Deze aanpak werkt alleen als de ontwikkeling van de vraagzijde tijdig op gang komt en hier voldoende zekerheid over is. De ontwikkeling van waterstofproductie door elektrolyse en de verduurzaming van de industriële clusters is hiervoor van belang. Dit geldt des te sterker indien er vanwege de beoogde verhoging van het Europees doel voor 2030 mogelijk meer windenergie op zee nodig is. Het bouwen van meer windparken op zee draagt alleen bij aan het verduurzamen van onze samenleving als het leidt tot het verdringen van het gebruik van fossiele energie in ons land. Alleen als de binnenlandse vraag naar groene elektronen en moleculen mee groeit met de verdere groei van windenergie op zee, leidt deze verdere groei daadwerkelijk tot verduurzaming van onze samenleving.

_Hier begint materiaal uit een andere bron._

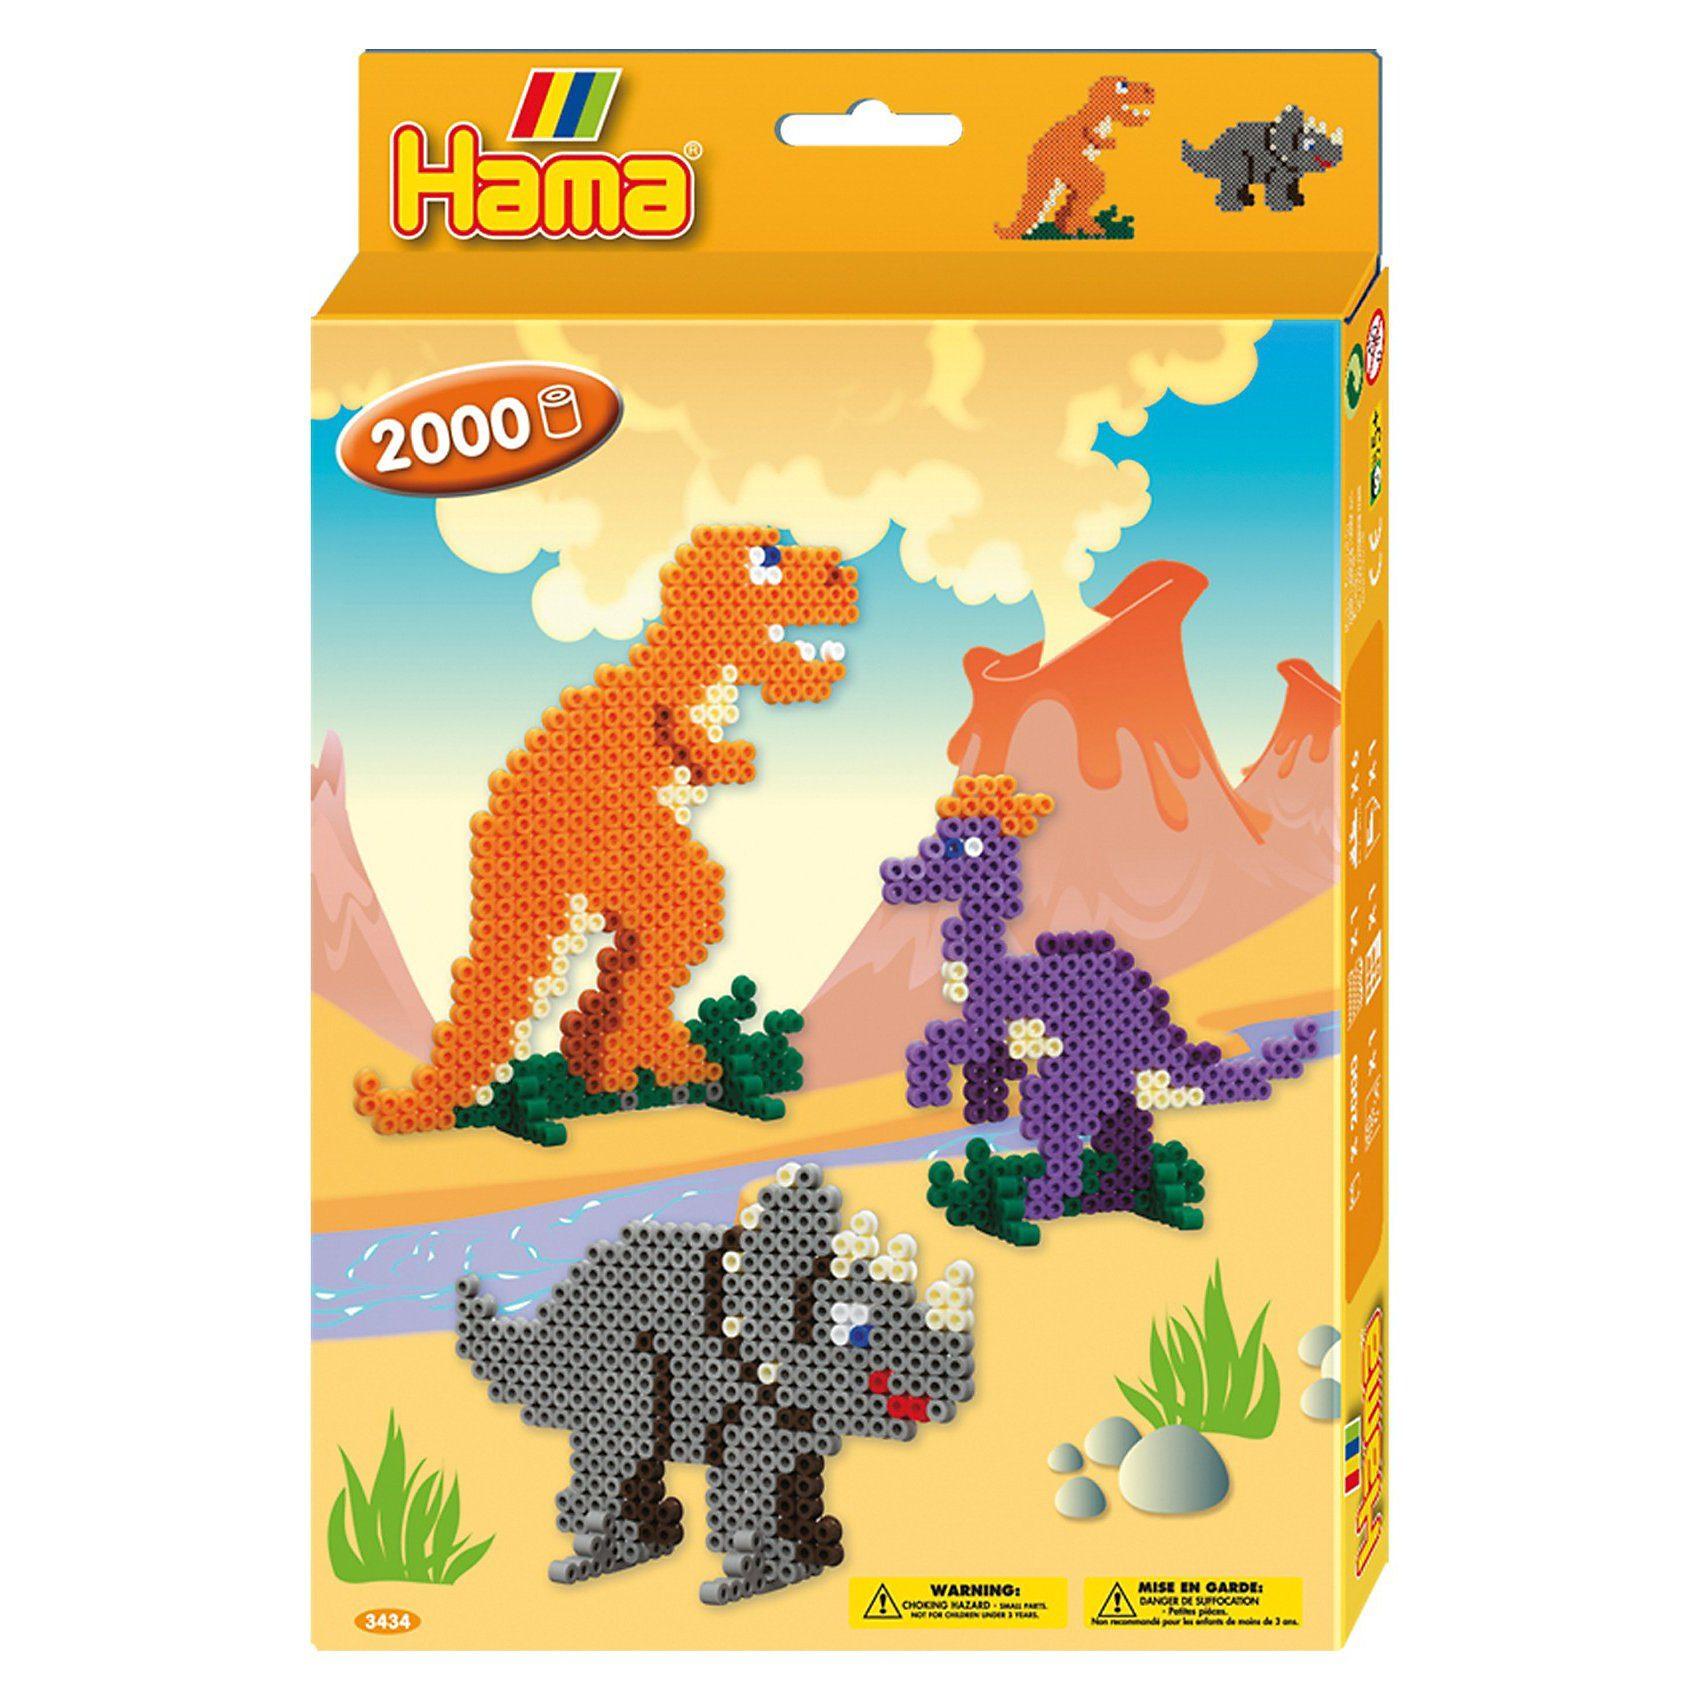 Hama Perlen HAMA 3434 Geschenkset Dino-Welt, 2.000 midi-Perlen & Zubehör

Naast de technische koppeling van aanbod en vraag moeten partijen elkaar ook goed kunnen vinden om de energie op de juiste manier op de markt te verhandelen. Voor subsidievrije wind-op-zee-projecten kan het zeer aantrekkelijk zijn om een deel van de opgewekte stroom voor langere tijd aan vaste klanten te verkopen. Dit kan middels zogenoemde Power Purchase Agreements (PPA’s). Zowel Afry als InvestNL constateren in hun rapporten dat de PPA-markt in Nederland nog onderontwikkeld is. Ook in gesprekken met partijen uit de windenergiesector en industrie op land blijkt dat niet alle partijen in dezelfde mate de weg naar deze nieuwe markt goed weten te vinden. Pas sinds kort zijn er subsidievrije windparken op zee en deze markt is nog relatief nieuw en zal zich na verloop van tijd uit zichzelf verder ontwikkelen. Toch vind ik het van belang om er alles aan te doen dat alle partijen elkaar goed weten te vinden. Ik zal de ontwikkelingen van de PPA-markt nauwlettend volgen en in gesprek blijven met partijen om te bezien of de ontwikkeling van deze markt kan worden versterkt.

Kortetermijnmaatregelen

Een gezonde en stabiele businesscase voor wind op zee is niet alleen op de lange termijn nodig, zoals de NEO zegt, maar ook al op de kortere termijn voor het halen van het klimaatdoel in 2030. Daarom is het van belang om ook voor de korte termijn concrete maatregelen te nemen die de businesscase voor wind-op-zee-projecten robuust houdt. Met de verlenging van de vergunningsduur voor windparken op zee die is opgenomen in de nota van wijziging die ik uw Kamer op 13 oktober jl. heb gestuurd (Kamerstuk 35 092 Nr. 11) is al een eerste belangrijke maatregel voor een aantrekkelijkere businesscase genomen.

Ik houd echter rekening met de mogelijkheid dat dit voor de korte termijn niet genoeg is. Met het oog op het realiseren van de klimaatdoelstelling in 2030 is het onwenselijk dat de realisatie van windparken tijdelijk stopt. Dit kan ook negatieve gevolgen hebben voor de ontwikkeling van een stevige toeleveringsketen in Nederland, die ook nodig is voor kostenefficiënte uitrol ook na 2030. Zowel in het onderliggende PwC-rapport9 waarop InvestNL haar advies baseert als in het Afry-rapport staat de suggestie om een backstop-instrument te overwegen dat gebruikt kan worden om de noodzakelijke ondersteuning te bieden op het moment dat subsidievrije uitrol niet lukt of onvoldoende snel gaat.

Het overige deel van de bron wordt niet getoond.